Judge:              Refshauge J
Supreme Court of the ACT

Date:               20 November 2012

IN THE SUPREME COURT OF THE       )
  )          No. SCC 254 of 2010
AUSTRALIAN CAPITAL TERRITORY    )          

THE QUEEN

v

PJ

ORDER

Judge:  Refshauge J
Date:  20 November 2012
Place:  Canberra

THE COURT ORDERS THAT:

  1. Leave is granted, pursuant to Evidence Act 2011 (ACT) s 108(2), for the Crown to adduce the witness’ diary entries as evidence in the proceedings.

  1. The accused has been charged with three counts of assault occasioning actual bodily harm, indecent assault and incest (or, in the alternative, attempted incest).  The complainant is the accused’s daughter.

  1. The trial before a jury has commenced and evidence has been given by a witness, the complainant’s sister, of an incident in which the accused made sexual contact with the witness.  That evidence was admitted as tendency evidence, evidence that was capable of showing a tendency for the accused to have a sexual interest in his daughters.

  1. That incident was challenged in cross examination by Mr S Gill, who appears for the accused.  The relevant portion of the cross examination is as follows: 

What I want to suggest you, [MS], is that you are lying about his incident.  Are you lying about this incident, [MS]?---I believe I am not lying about this incident.

You believe you are not lying about this incident.  Is that your
evidence?---It was a moment where, again, like with everything you just think was that him doing it on purpose or was it not?  As [the accused] put his arm round my waist he just happened to put it across my chest.


[MS], in fact, I'm going to suggest to you that you are lying about the whole incident, breasts, penis, the lot.  You’re lying about the whole incident, [MS]?
---I'm not lying about any of this.  Why would I?


In fact, [MS], I'm going to suggest to you that since you agreed to give your sister support that you, in fact, reinvented some of the history that’s occurred in your family.  Do you agree with that?---Not at all.

  1. The Crown, represented by Mr S Drumgold, has now applied for leave under s 108 of the Evidence Act 2011 (ACT) to adduce evidence of a diary entry apparently made by the witness in about 1988, some years after the relevant incident, in which the witness recounted the incident. Section 108 provides:

108      Exception—re-establishing credibility

(1)       The credibility rule does not apply to evidence given by a           witness in re-examination.
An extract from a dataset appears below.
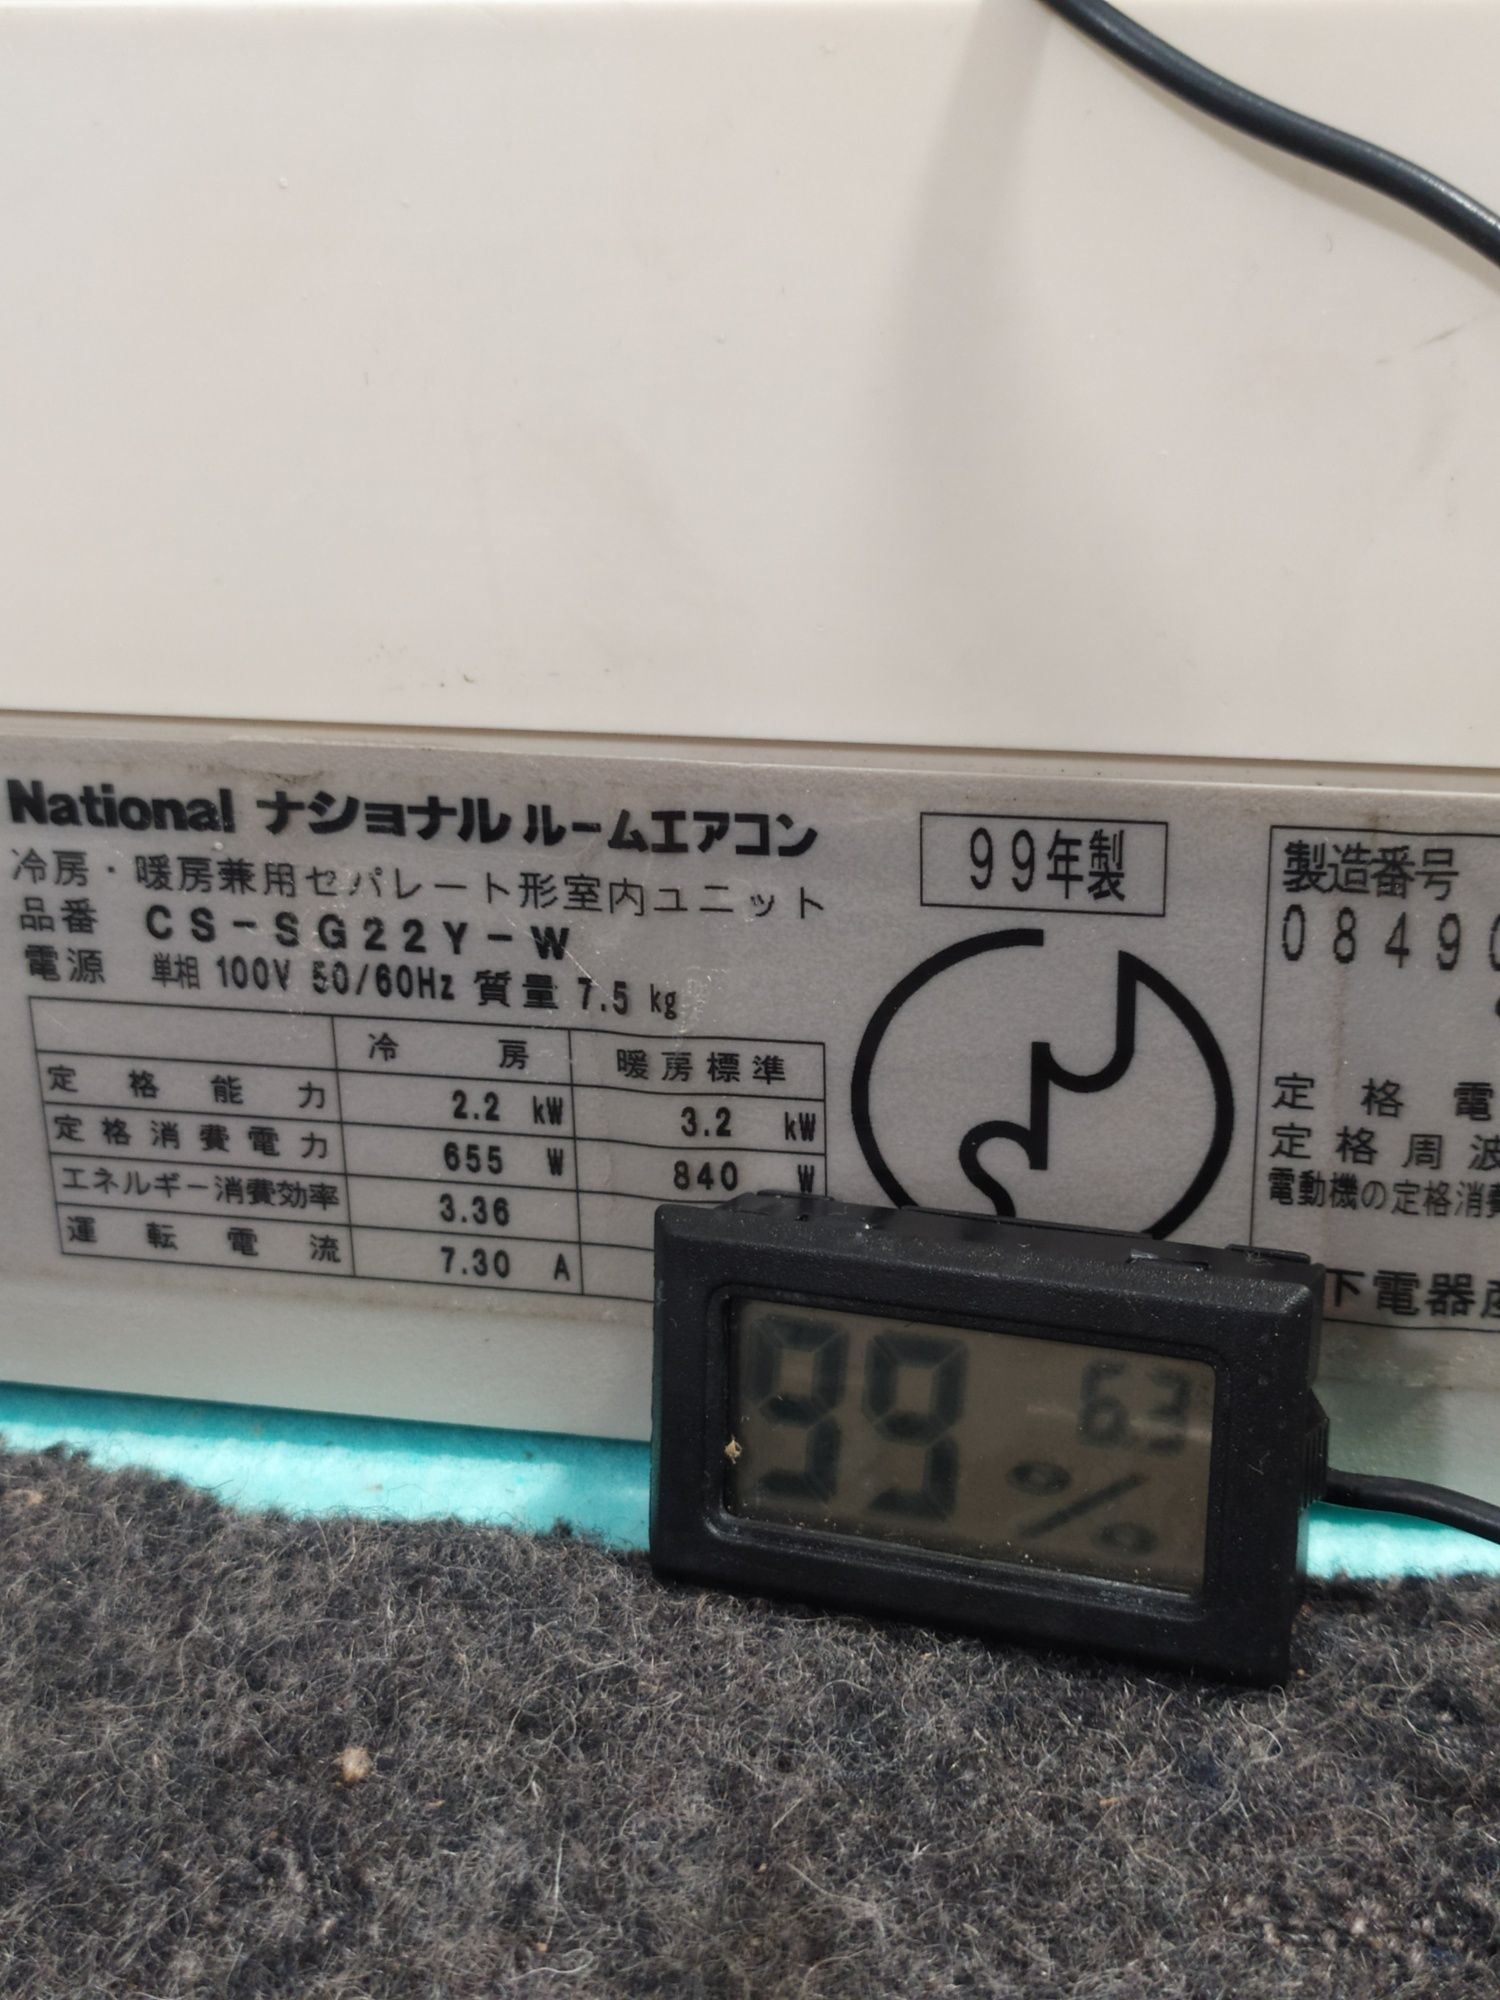 Японски климатик National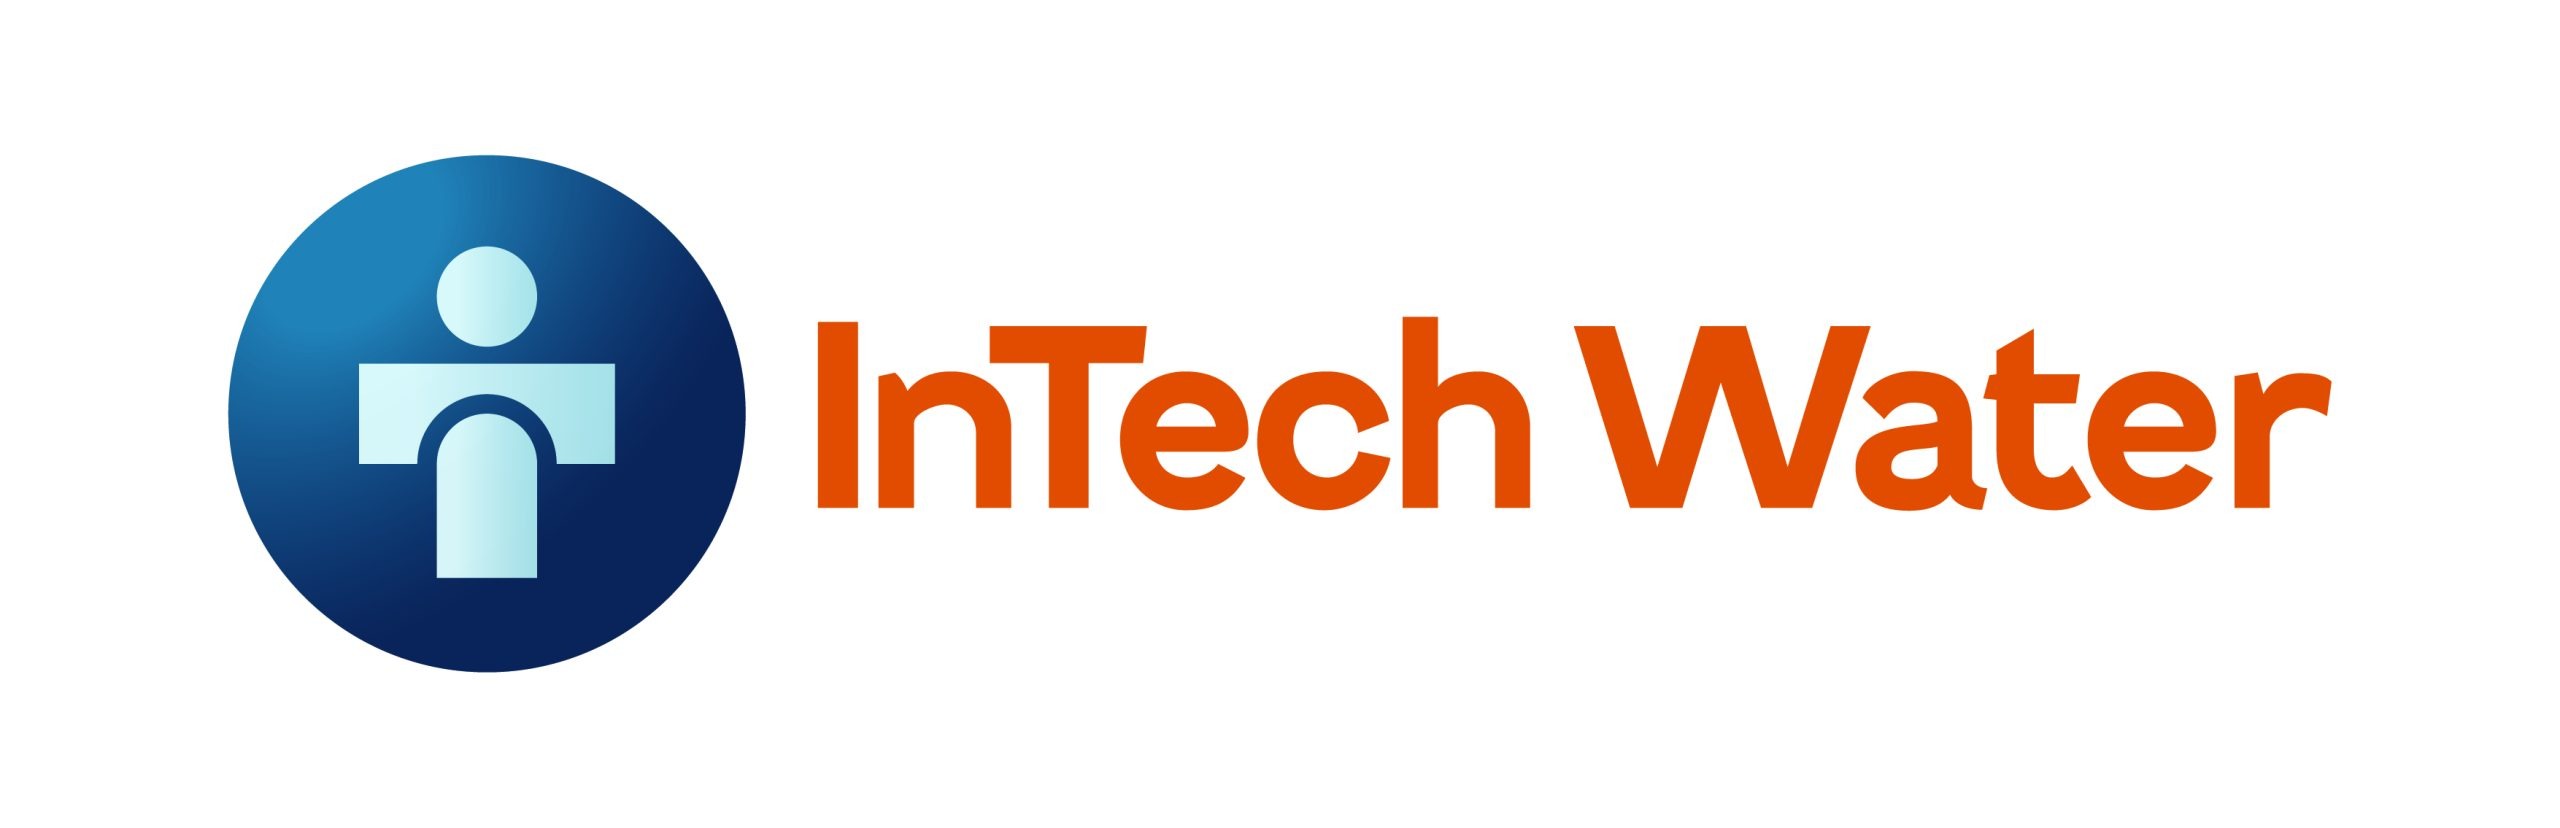 InTech Water logo

(2)       The credibility rule does not apply to evidence of a prior consistent statement of a witness if—

(a)       evidence of a prior inconsistent statement of the witness has been admitted; or

(b)       it is or will be suggested (either expressly or by implication) that evidence given by the witness has been fabricated or reconstructed (whether deliberately or otherwise) or is the result of a suggestion;

and the court gives leave to present the evidence of the prior consistent statement.

The application is made under s 108(2)(b).

  1. At common law, there is considerable hesitation about permitting evidence of a prior consistent statement being admitted, thus, in R v Fraser (1995) 65 SASR 260 at
    266–7, Doyle CJ explained by reference to

the common law rule which prevents the introduction of previous consistent statements to bolster the credit of a witness, the source of those statements was ultimately the witness.  This principle has often been stated in terms which suggest that to rely on such a previous statement is illogical or dangerous, due to the lack of probative value in the statement. 

This was reflected in an extract from Starkie on Evidence (4th ed, 1853) which was quoted by Menzies J in Clement’s case (at 486):

It seems to be the better opinion that a witness cannot be confirmed by proof that he [sic] has given the same account before, even though although it has been proved that he has given a different account, in order to impeach his  veracity; ... his having said the same thing does not in general carry his credibility further than, nor so far as, his oath.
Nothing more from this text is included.